# Algorithm Solutions

2016-06-19 Tiffany White

I’ve completed three more Free Code Camp algorithms since my last go on May 30th.

I needed less guidance on these particular algorithms, all but one. The algorithm solutions weren’t too hard to come up with, however on Slasher FLick I really overcomplicated my solution. I was thinking way too hard about how to solve it— new array? Should I `return newArray` as a part of the function call? Do I `push` the result of the cut off part of the array into `newArray`?

The instructions were:

Return the remaining elements of an array after chopping off n elements from the head.
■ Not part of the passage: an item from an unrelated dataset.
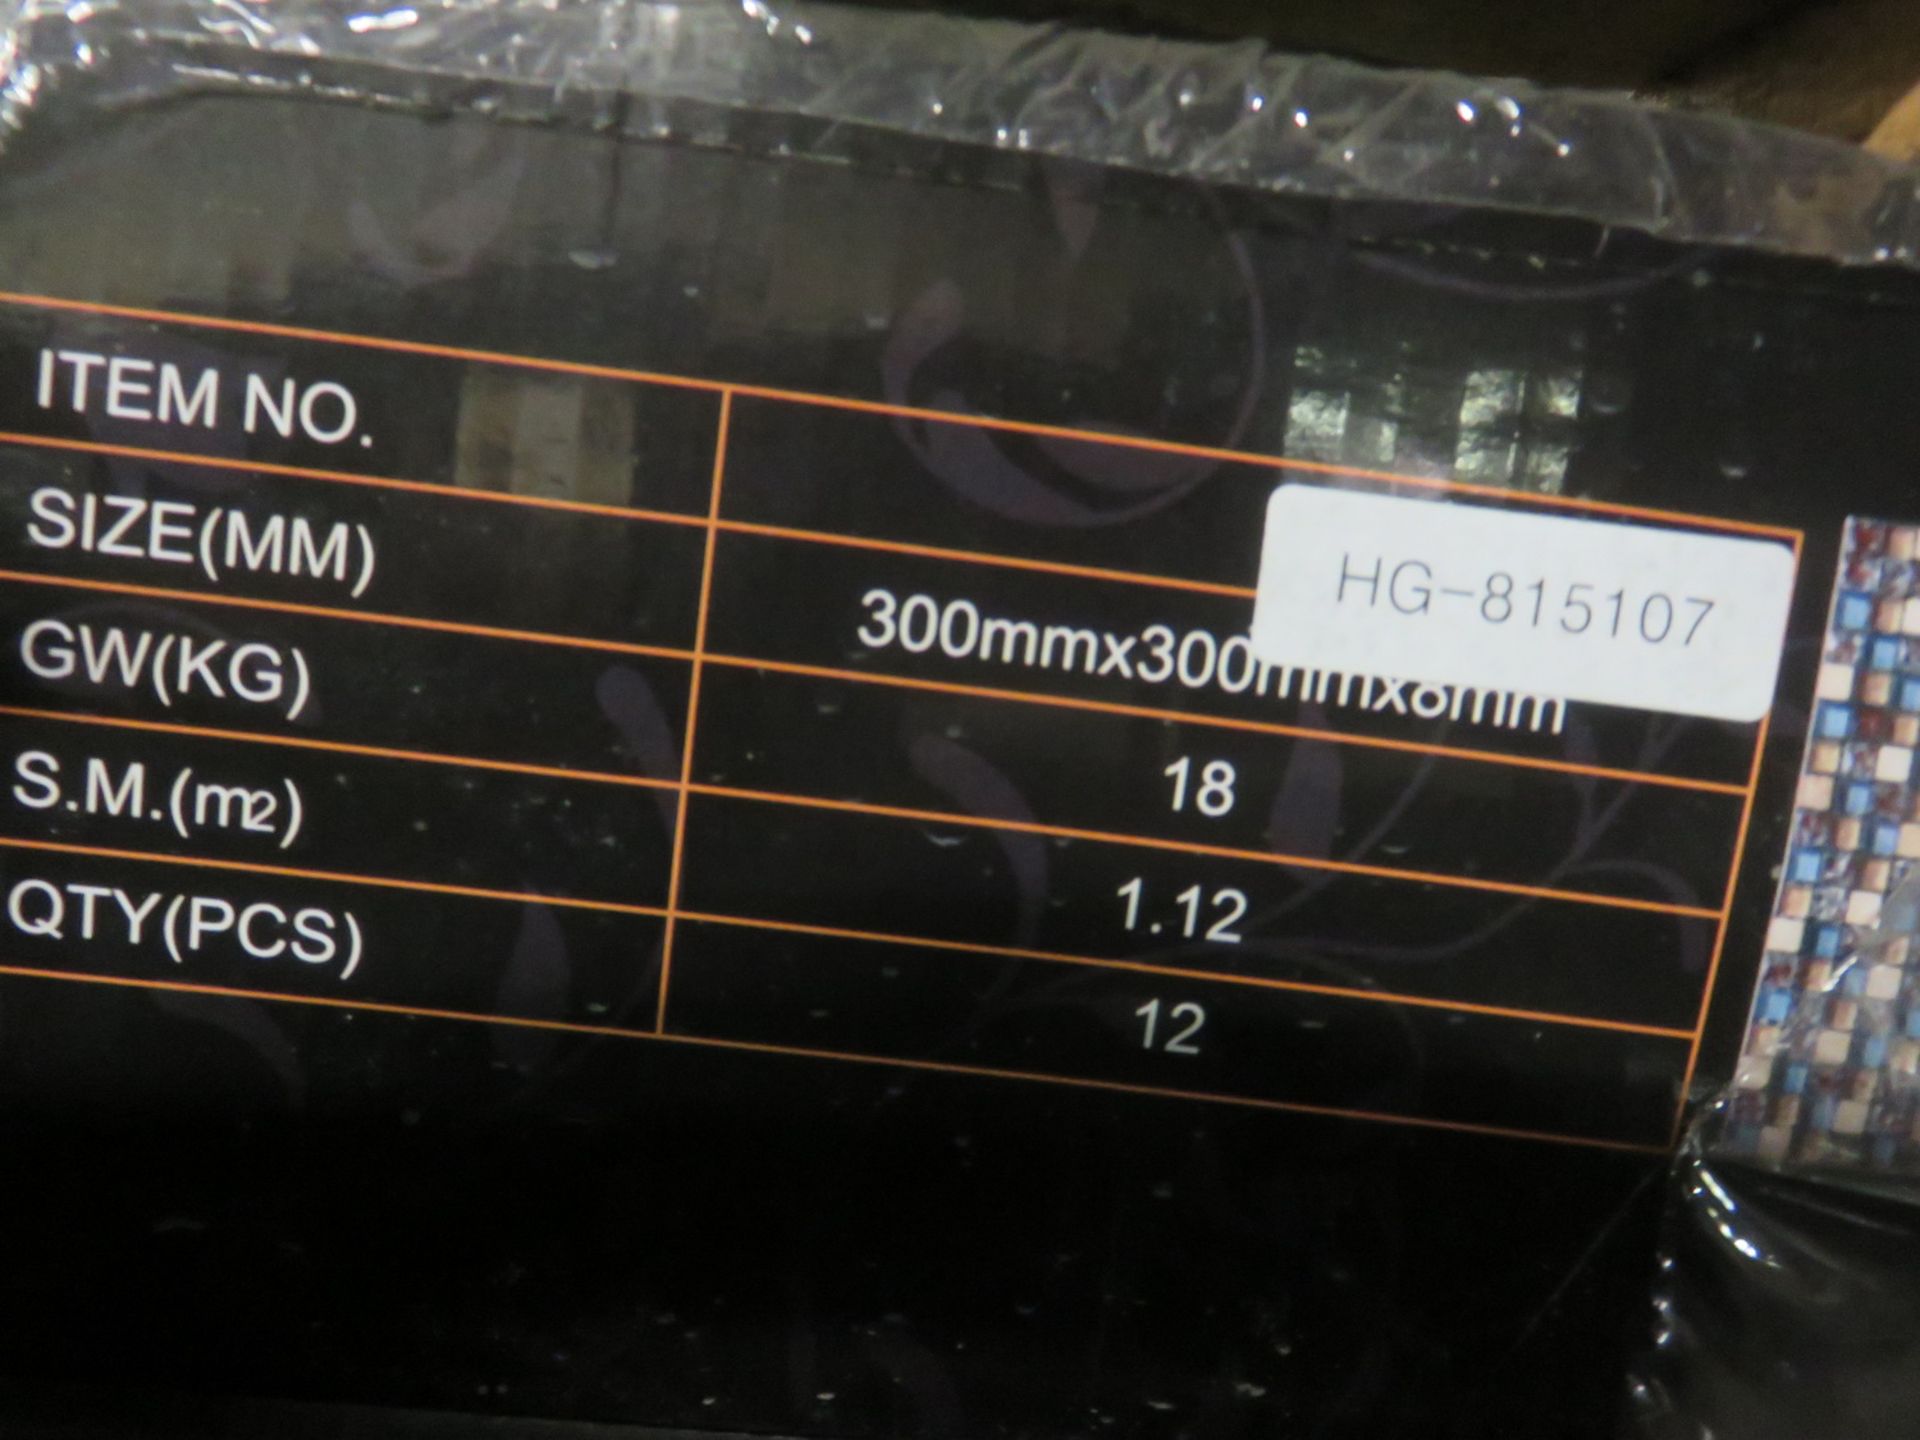 BOXES - CROWN HG815107 300 X 300 X 8MM MOSAIC TILES (12 PCS/BOX) - Image 2 of 3

The head means the beginning of the array, or the zeroth index.

Array.slice()

Array.splice()

Seems simple enough. But I was thinking too much and making it more complex than it needed to be because of my recent previous solutions.

I used `splice` instead of `slice` as `splice` returns the chopped off part as a new array. For these instructions, here was the initial code:

``````function slasher(arr, howMany) {
// it doesn't always pay to be first

}
slasher(["burgers", "fries", "shake"], 1);``````

``````function slasher(arr, howMany) {
// it doesn't always pay to be first
var newArray = [];
arr.splice(0, howMany);
return newArray;
}
slasher(["burgers", "fries", "shake"], 1);``````

I would get a double array, because like I said, `splice` returns a new array from the chopped off part. So I tried to use a non-initialized variable— `var newArray;`— that returned a TypeError.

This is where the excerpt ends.